Scams on fake websites
Scammers create a fake page, almost identical to a real online store, advertising products with value far below the market price to attract shoppers. Victims buy items and pay by transfers or bank slips, whose amounts are credited to the scammers' account, or they enter the data on the credit or debit card that is used for fraudulent purchases.
How to avoid:
- Do market research comparing prices. Be wary if the value is too low.
- Locate the browser lock: a secure website features a padlock design next to the URL (website address). By clicking on the icon, the security certificate should be displayed.
- Do not click on links that lead readily to shopping sites. Type the website address into the browser.

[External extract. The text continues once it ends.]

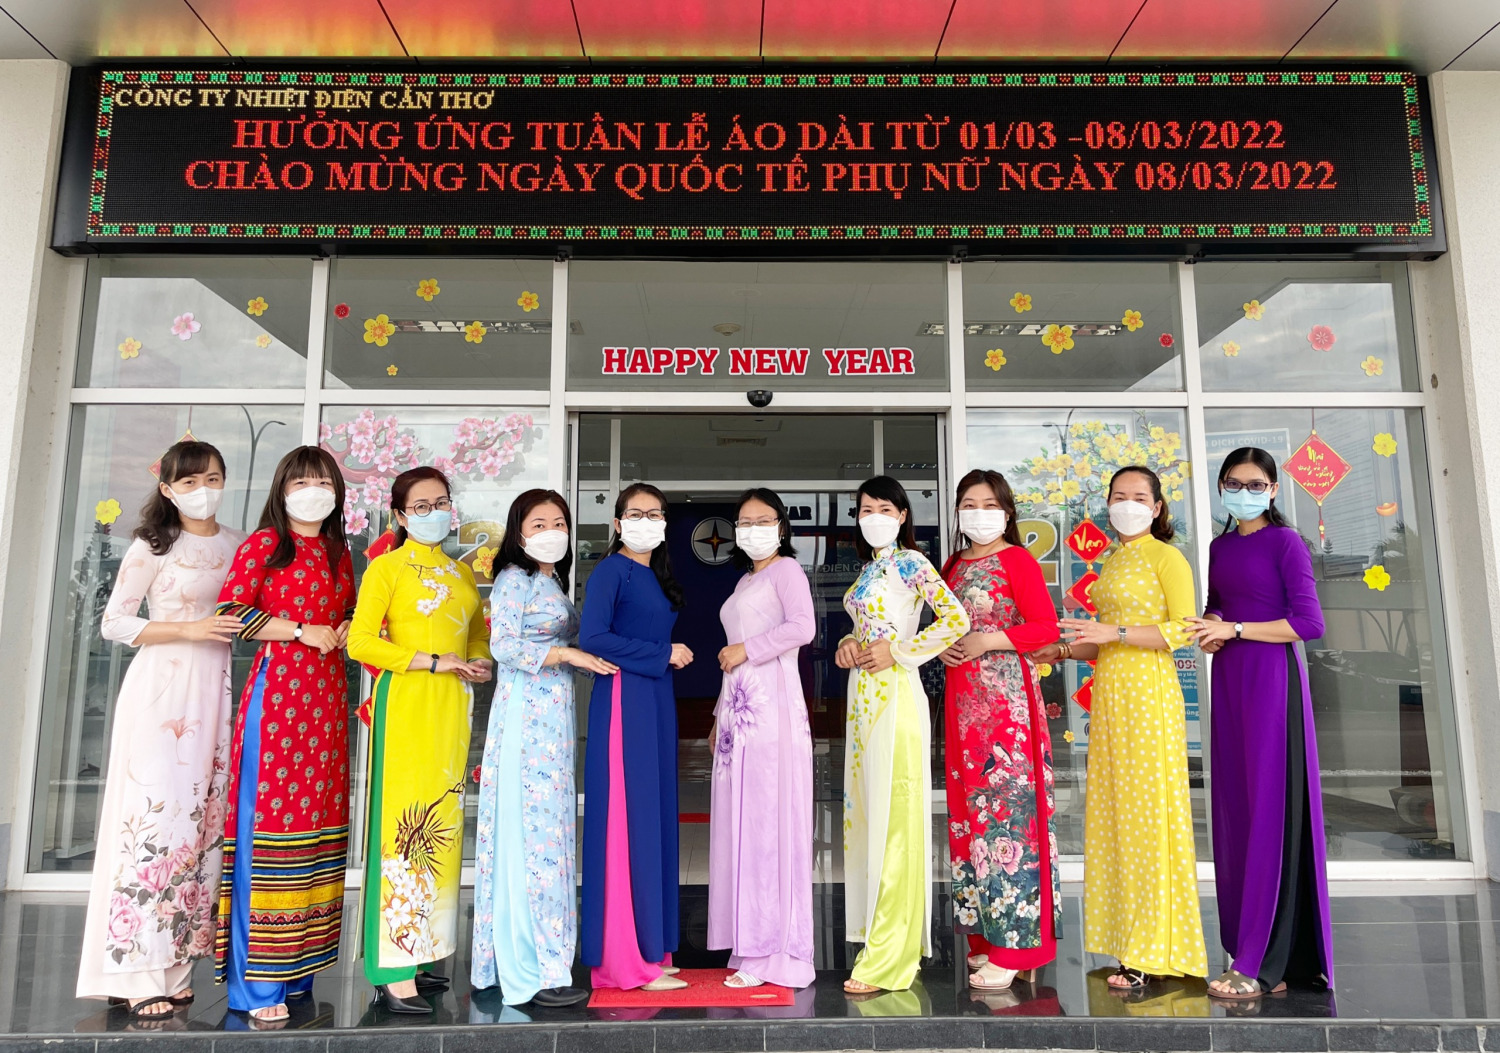 Công ty Nhiệt điện Cần Thơ tham gia hưởng ứng sự kiện “Tuần lễ Áo dài - Di sản Văn hóa Việt Nam” do Trung ương Hội Phụ nữ Việt Nam tổ chức.
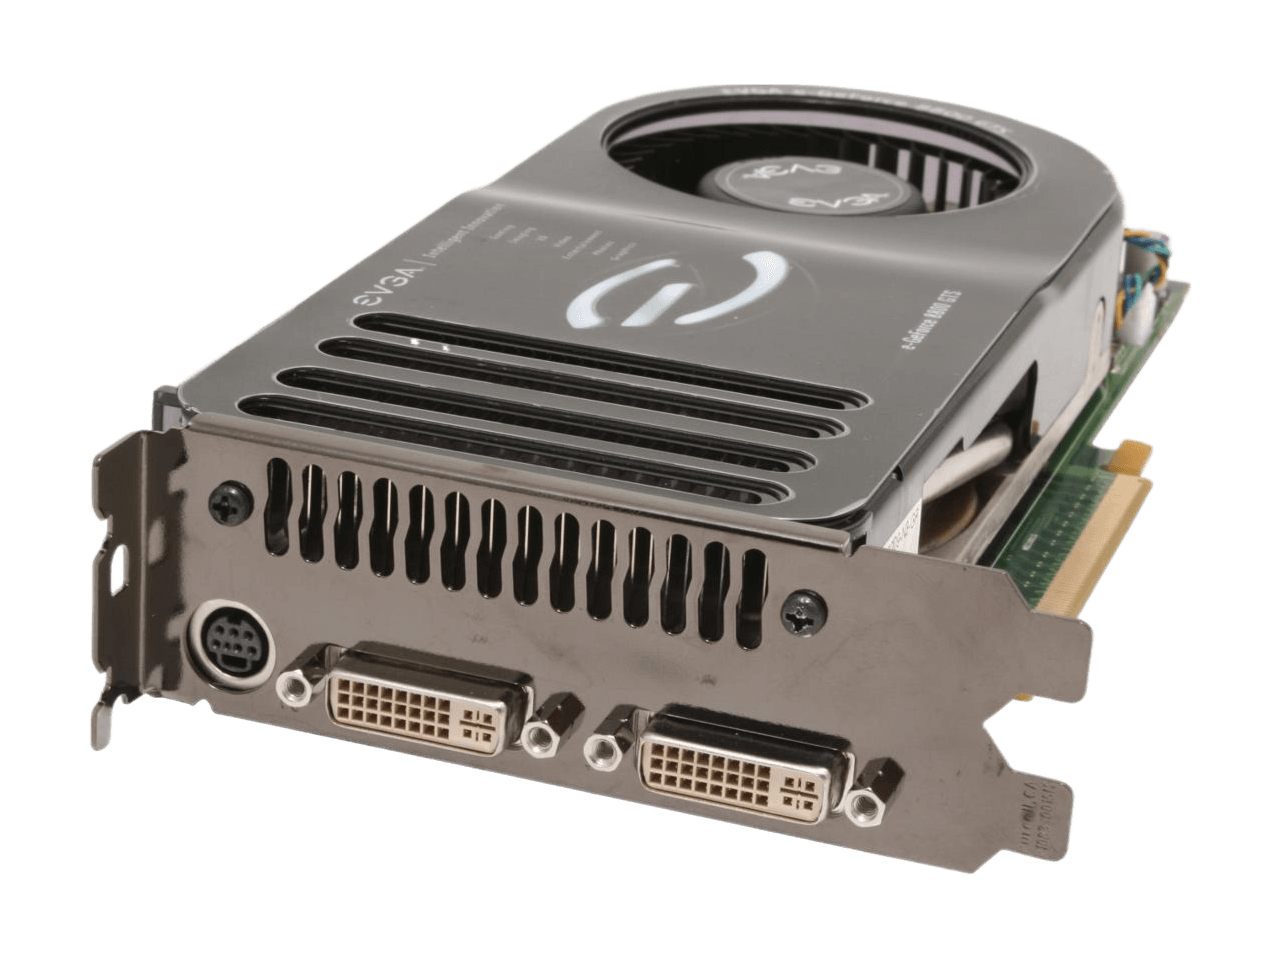 EVGA GeForce 8800 GTS 320MB GDDR3 PCI Express x16 SLI Support Video Card 320-P2-N811-RX

Links can lead to fake websites or websites that contain malware (viruses capable of copying sensitive data).
- When intending to purchase a vehicle through a virtual auction, check the possibility of going to the company's yard and analyzing it in person. Logically, every virtual auction company should have a yard where vehicles are stored.
Fake courier coup
If you receive a call saying that there are suspicious transactions on your card and that a courier will be sent to collect it, do not pass on any information (especially your password) and hang up immediately. Remember that no financial institution has this practice.
How to avoid:
- Never give your card to another person. No financial institution collects cards.
- Always cut the chip from the card when disposing of it.
- Never enter your password on links received via text message or WhatsApp.
- If you receive this type of contact, hang up and inform your cooperative.